[Information supplied]:
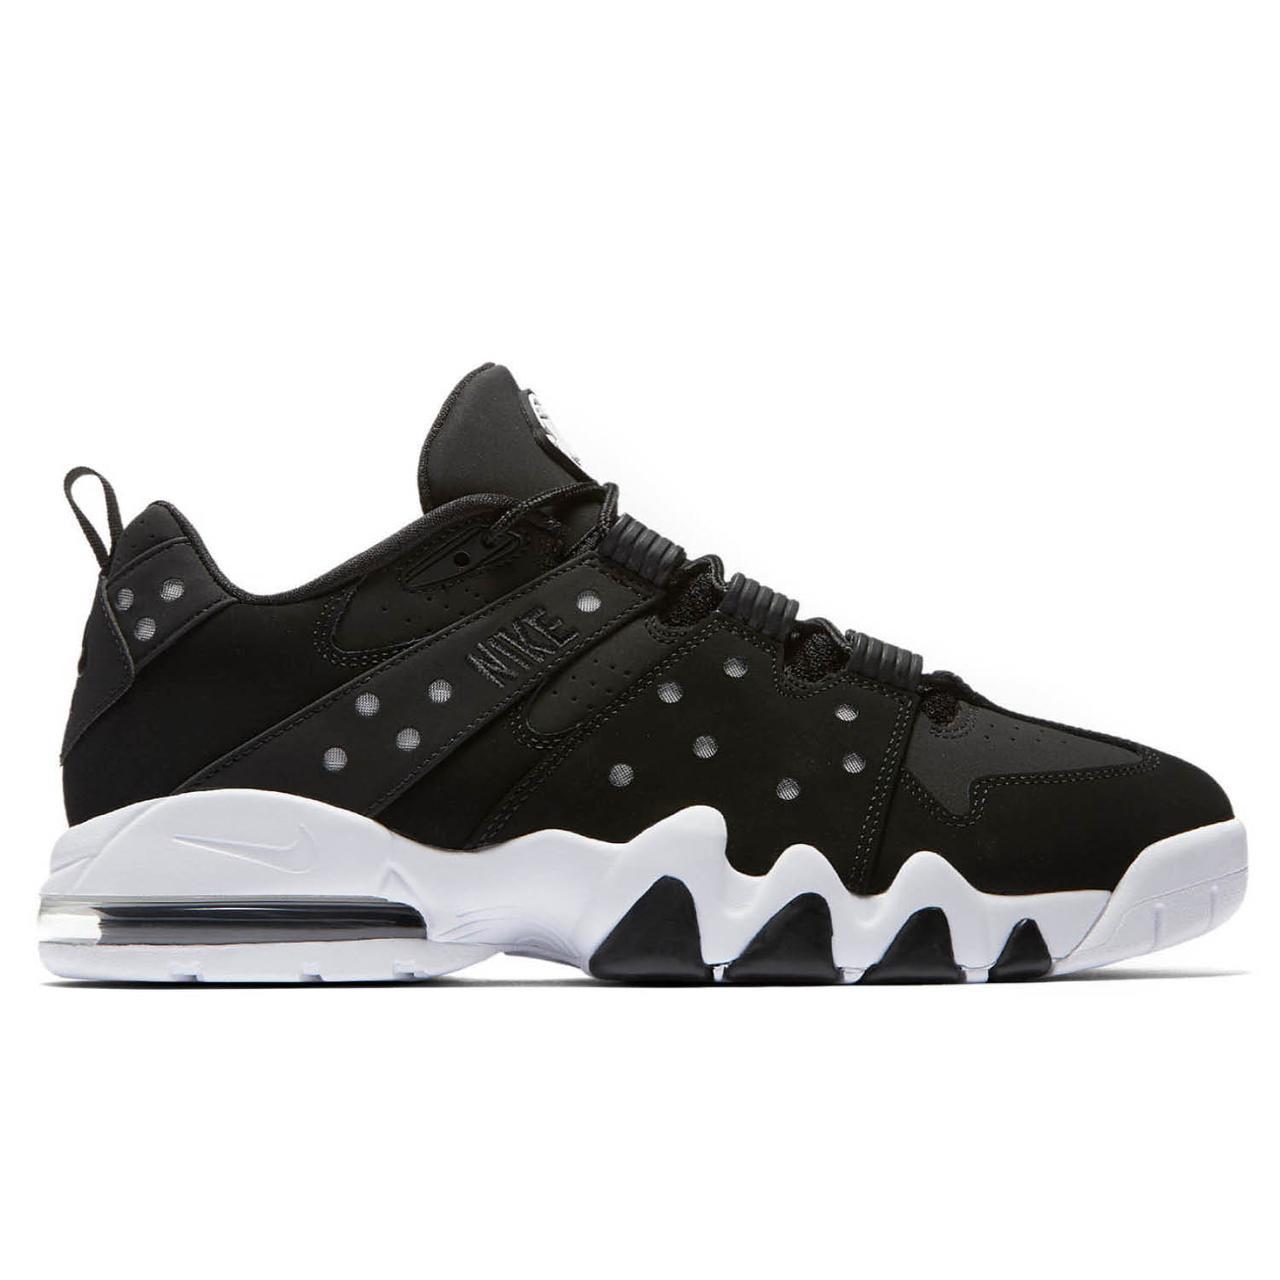 d3d1788f3bec Оригинальные кроссовки Nike Air Max2 CB '94
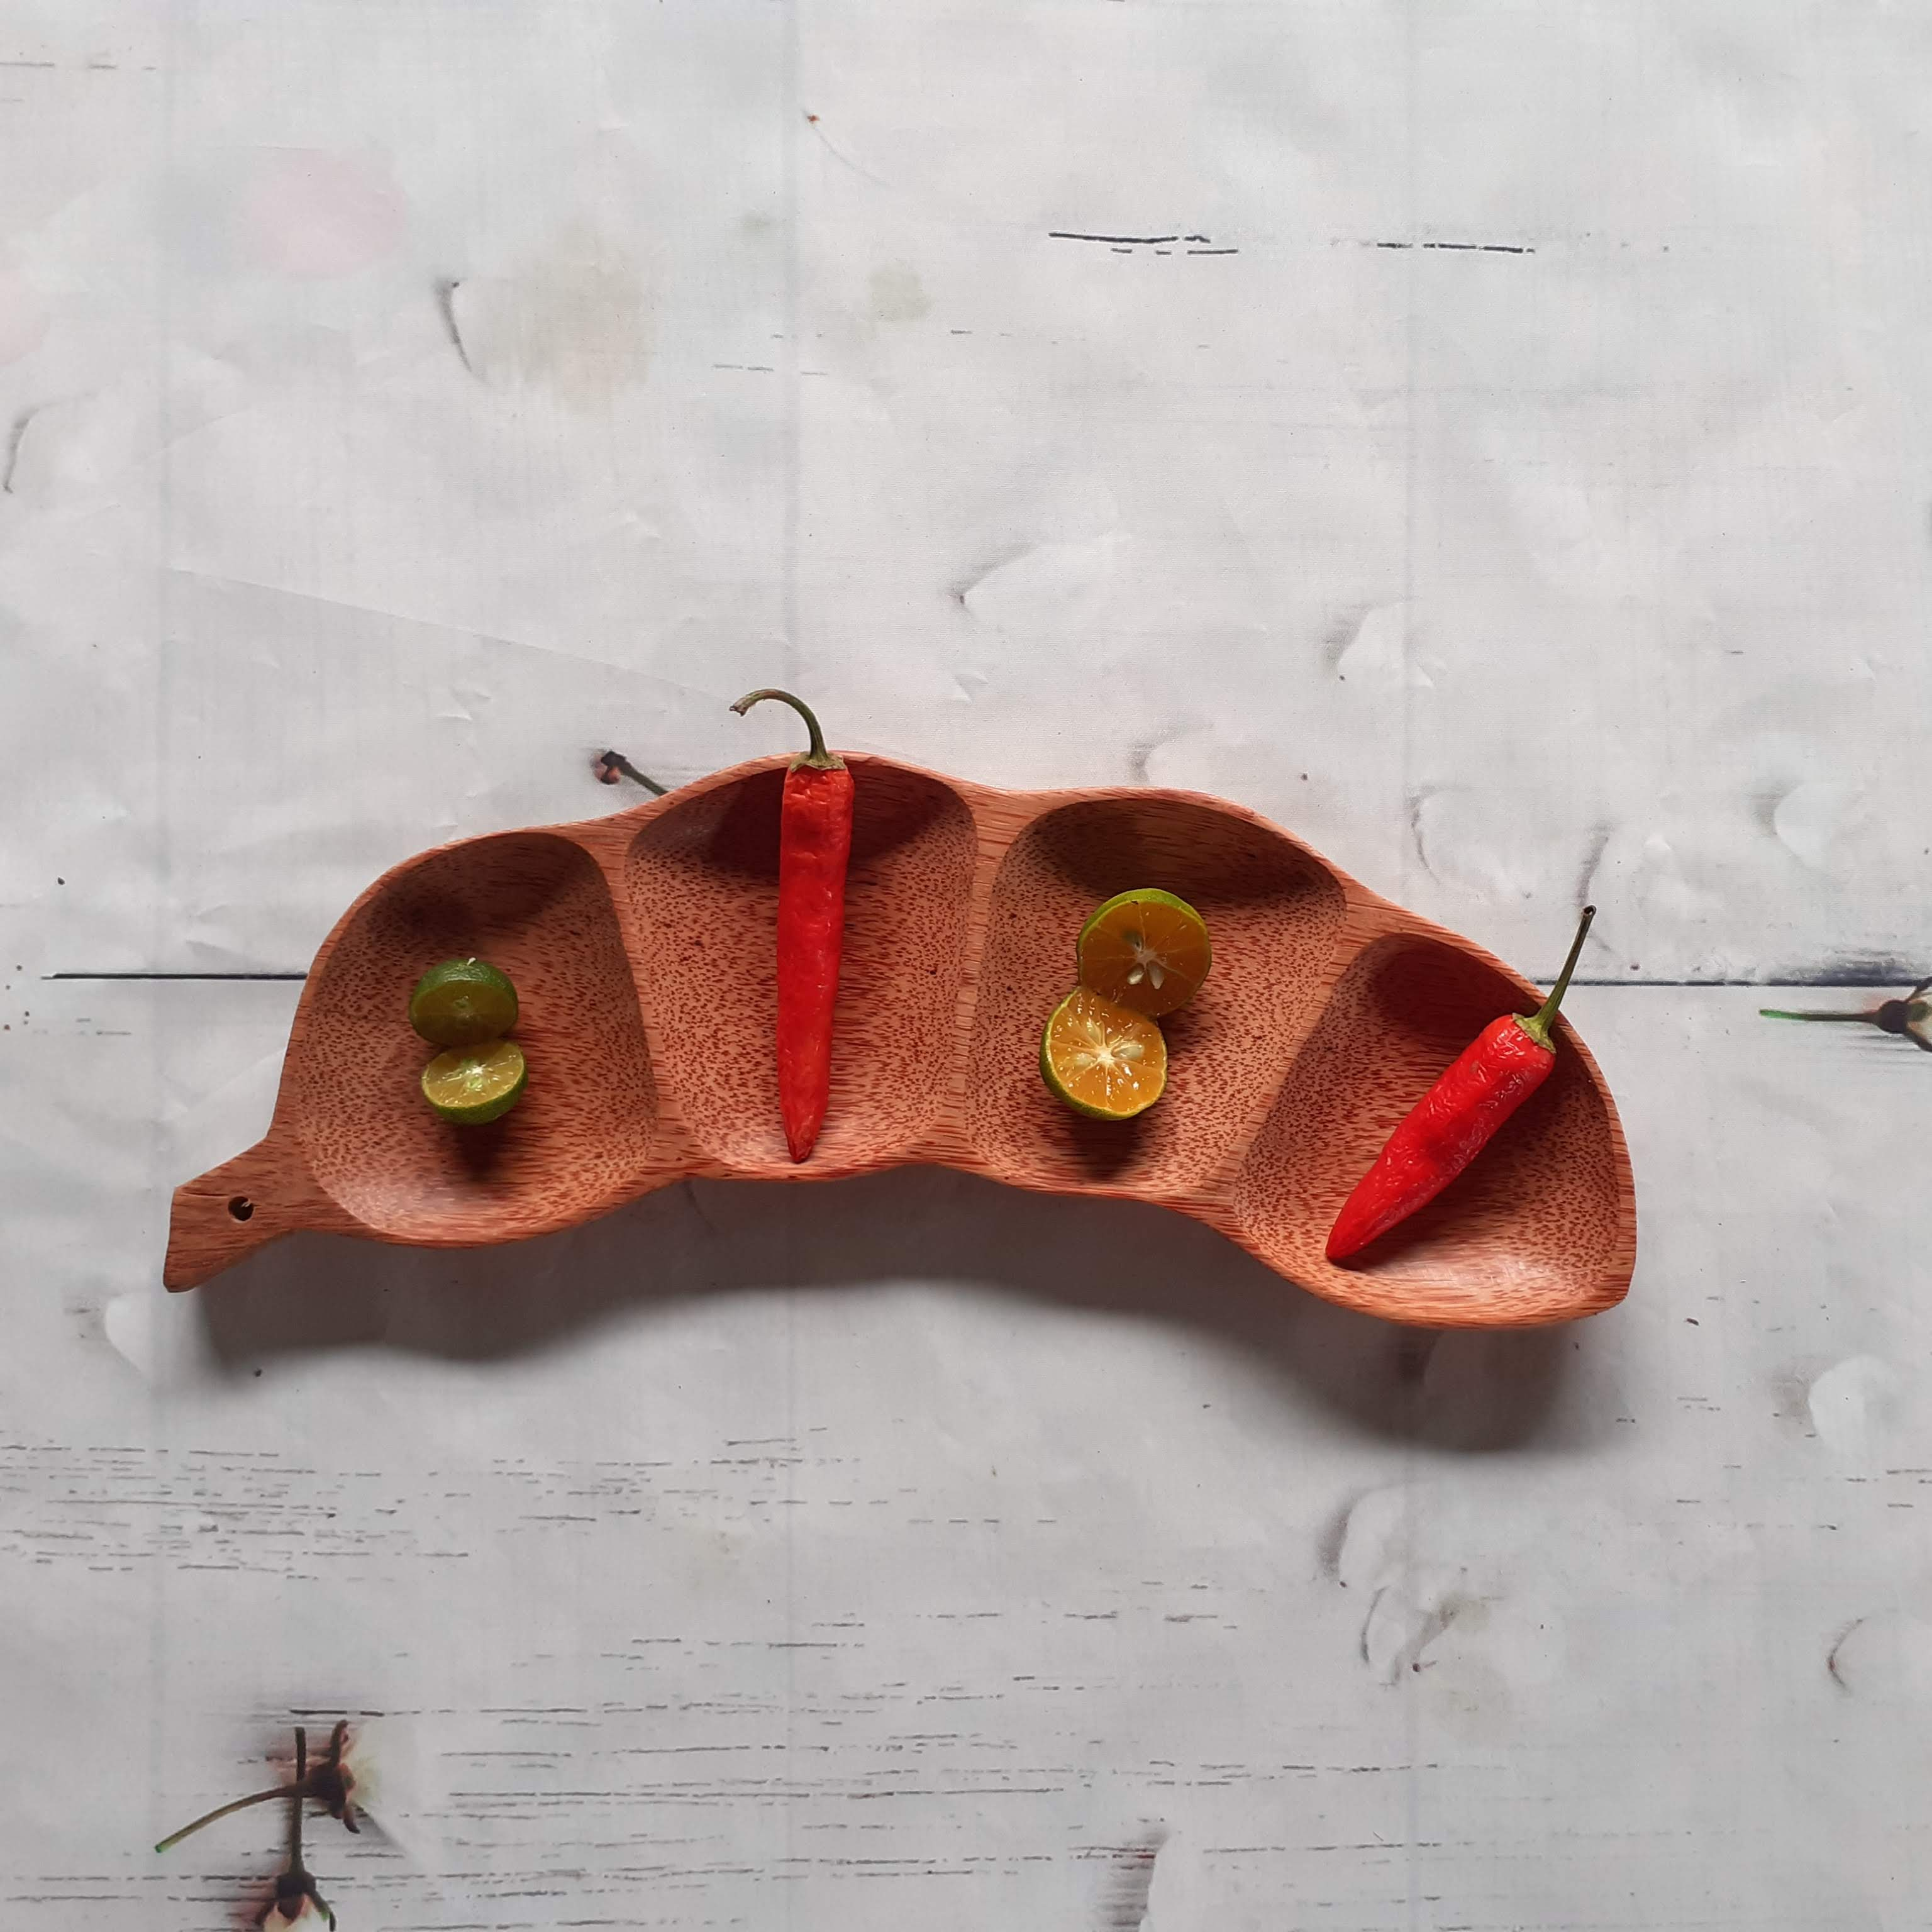 Bàn ăn đẹp nổi bật đầy tinh tế với những bộ đựng đồ ăn Gỗ siêu ấn tượng
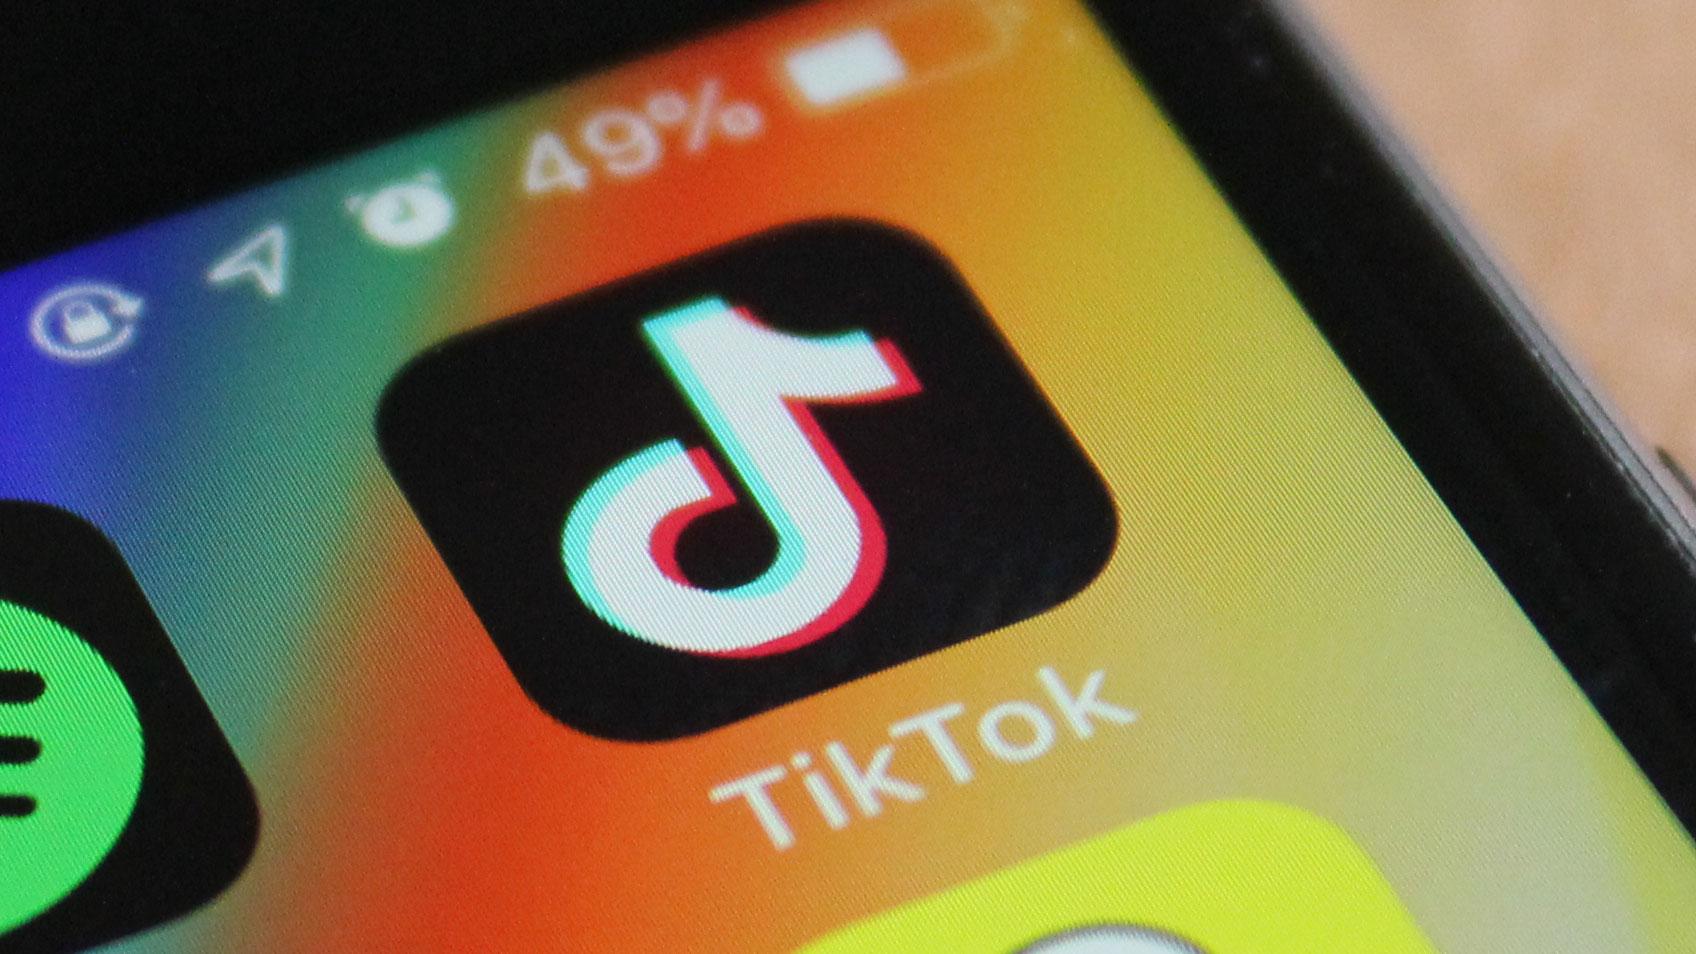 تحميل تطبيق TikTok علي الكمبيوتر

[Your instructions]: Transcribe the full listing above exactly, with the images removed.

[Answer box]:
 d3d1788f3bec Оригинальные кроссовки Nike Air Max2 CB '94
 Bàn ăn đẹp nổi bật đầy tinh tế với những bộ đựng đồ ăn Gỗ siêu ấn tượng
 تحميل تطبيق TikTok علي الكمبيوتر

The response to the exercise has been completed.